The Reporting Persons intend to review their investment in the Issuer on a continuing basis. Depending on various factors including, without limitation, the Issuer’s financial position and investment strategy, the price levels of the Common Units and the Series A Preferred Units, conditions in the securities markets and general economic and industry conditions, the Reporting Persons intend to continue to consider, explore and/or develop plans and may in the future take such actions with respect to their investment in the Issuer as they deem appropriate including, without limitation, engaging in communications with the Issuer’s management and the Board (including the Conflicts Committee of the Board), engaging in discussions with shareholders of the Issuer and others about the Proposed Transaction, as it may be modified from time to time, and the Issuer and the Reporting Persons’ investment, making proposals to the Issuer concerning changes to the Proposed Transaction, capital allocation strategy, capitalization, ownership structure, other strategic transactions, including business combinations, a sale of the Issuer as a whole or in parts or acquisitions or investments by the Issuer, Board structure (including Board composition), operations of the Issuer, purchasing additional Units, selling some or all of their Units, engaging in short selling of or any hedging or similar transaction with respect to the Units, or take any other actions with respect to their investment in the Issuer permitted by law, including any or all of the actions set forth in paragraphs (a)-(j) of Item 4 of Schedule 13D. The Reporting Persons may at any time reconsider and change their plans or proposals relating to the foregoing.

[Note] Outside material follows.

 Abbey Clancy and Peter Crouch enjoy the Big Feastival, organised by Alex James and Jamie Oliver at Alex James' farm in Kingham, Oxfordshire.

Item 5. Interest in Securities of the Issuer.
The responses of the Reporting Persons to rows 7, 8, 9, 10, 11 and 13 on the cover pages of this Schedule 13D are incorporated herein by reference.

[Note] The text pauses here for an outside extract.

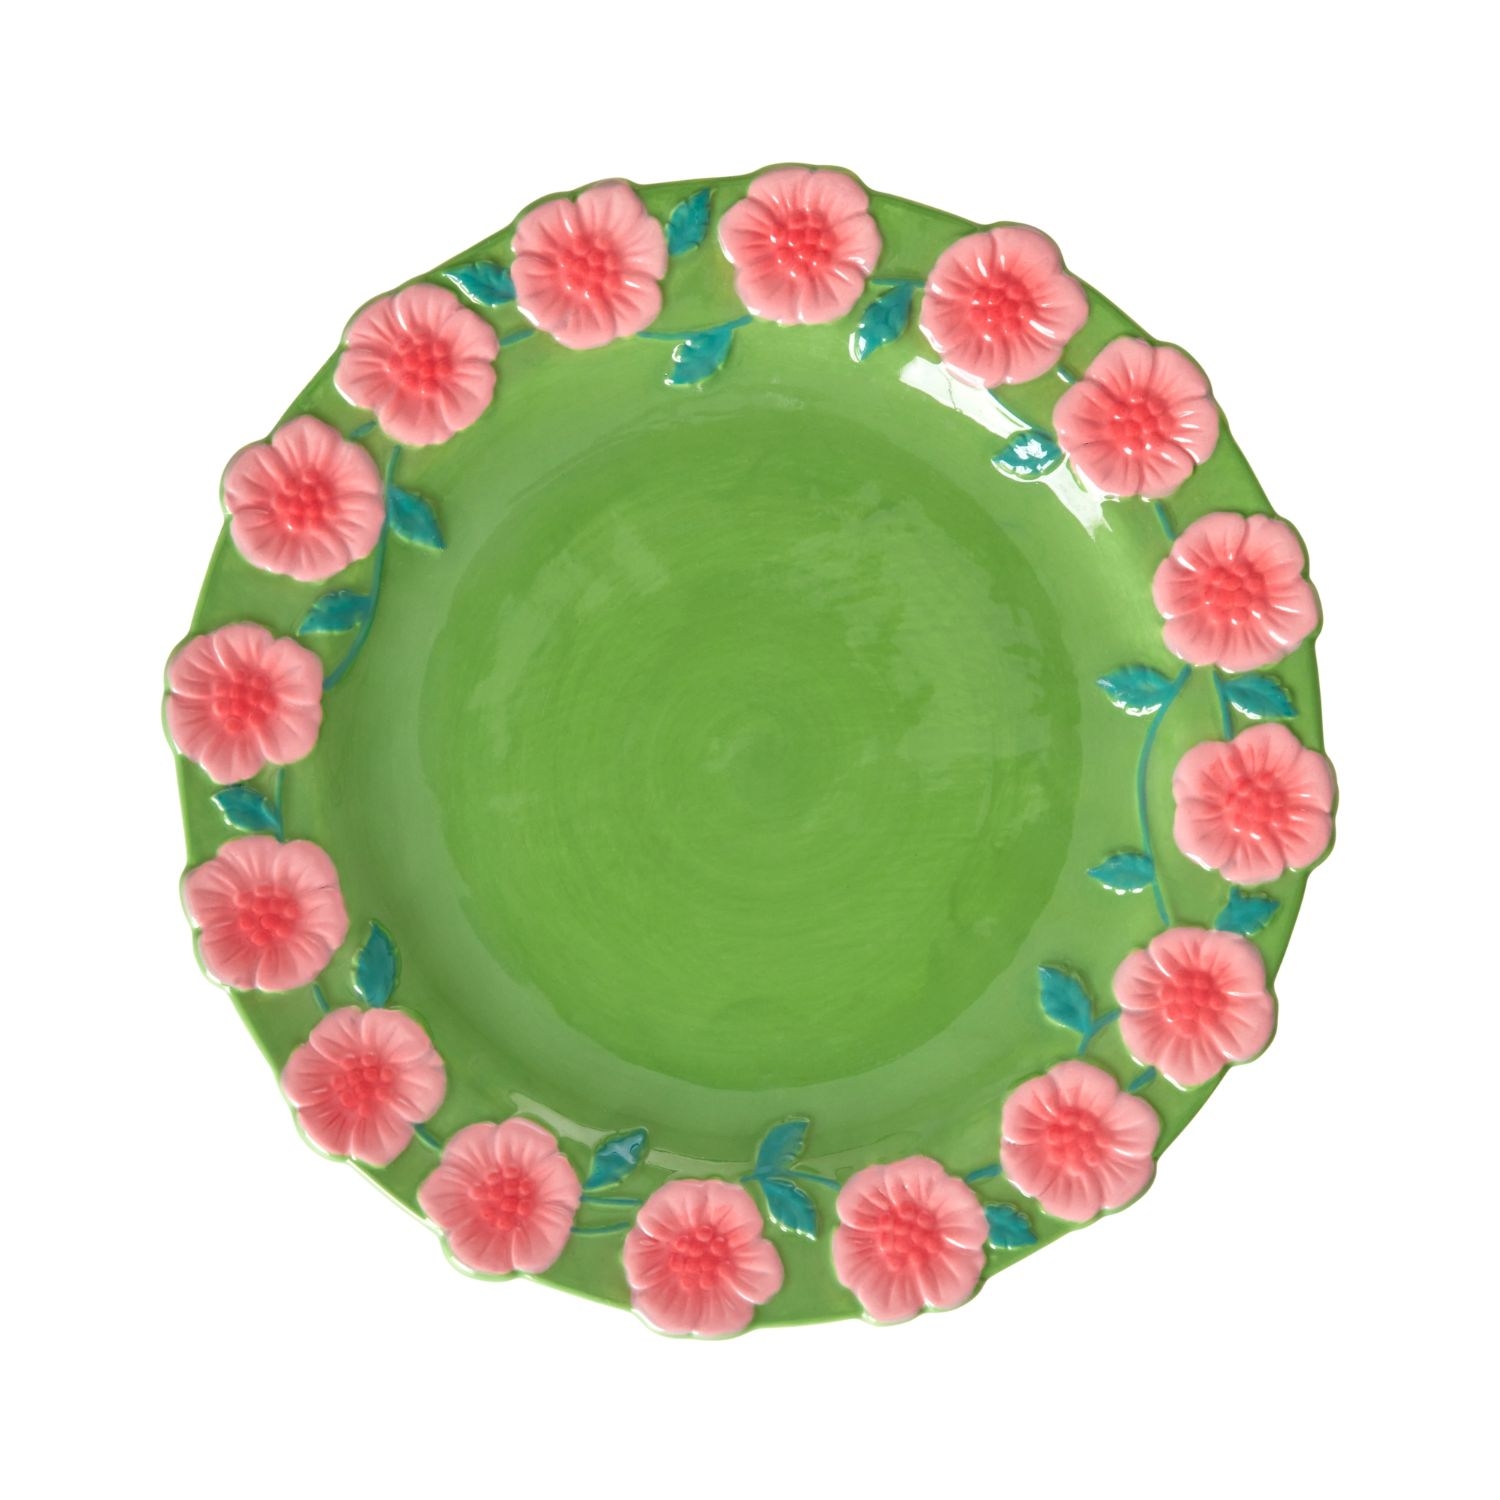 Rice Ceramic Lunch Plate with Embossed Flower Design - Green

(a)–(b) Each Reporting Person’s beneficial ownership of the Common Units as of the date of this Schedule 13D is reflected on that Reporting Person’s cover page. DG Capital and Dov Gertzulin beneficially own, in the aggregate, 3,193,778 Common Units, representing approximately 7.69% of the Issuer’s Common Units issued and outstanding. DG Value beneficially owns 2,746,825 Common Units, representing approximately 6.62% of the Issuer’s Common Units issued and outstanding. The percentages herein are calculated based on 41,513,083 Common Units issued and outstanding as of July 29, 2021, as reported in the Issuer’s Quarterly Report on Form 10-Q filed with the Commission on August 4, 2021.

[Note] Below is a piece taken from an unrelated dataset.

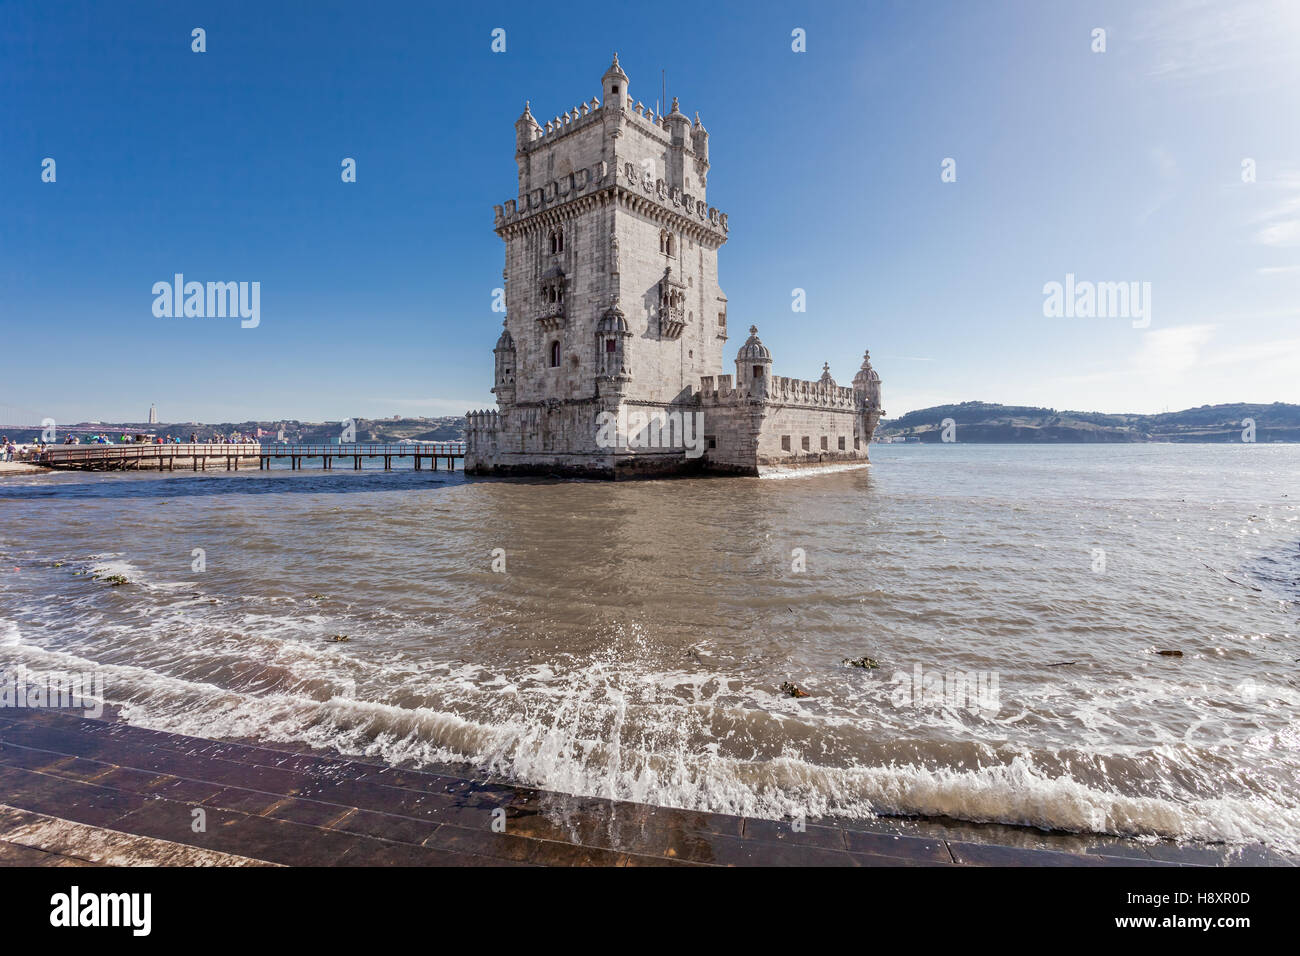 Lisbon, Portugal. Torre de Belem or Belem Tower in the Tagus River. UNESCO World Heritage. Stands as the best example of the Manuelino art. Stock Photo

The Common Units reported herein are held by private investment funds, including DG Value Partners II Master Fund, LP, and separately managed accounts (the “DG Entities”) for which DG Capital serves as the investment manager. Dov Gertzulin serves as the managing member of DG Capital. By virtue of these relationships, the Reporting Persons may be deemed to have shared voting and dispositive power with respect to the Common Units owned directly by the DG Entities. This report shall not be deemed an admission that the Reporting Persons are beneficial owners of the Common Units for purposes of Section 13 of the Securities Exchange Act of 1934, as amended, or for any other purpose. Each of the Reporting Persons disclaims beneficial ownership of the Units reported herein except to the extent of the Reporting Person’s pecuniary interest therein.
(c) On October 11, 2021, DG Capital acquired through two open market purchases (i) 1,202 Common Units at a price of $3.23 per unit, and (ii) 798 Common Units as a price of $3.23 per unit. There have been no other transactions effected by the Reporting Persons during the past sixty (60) days with respect to the Issuer’s Common Units.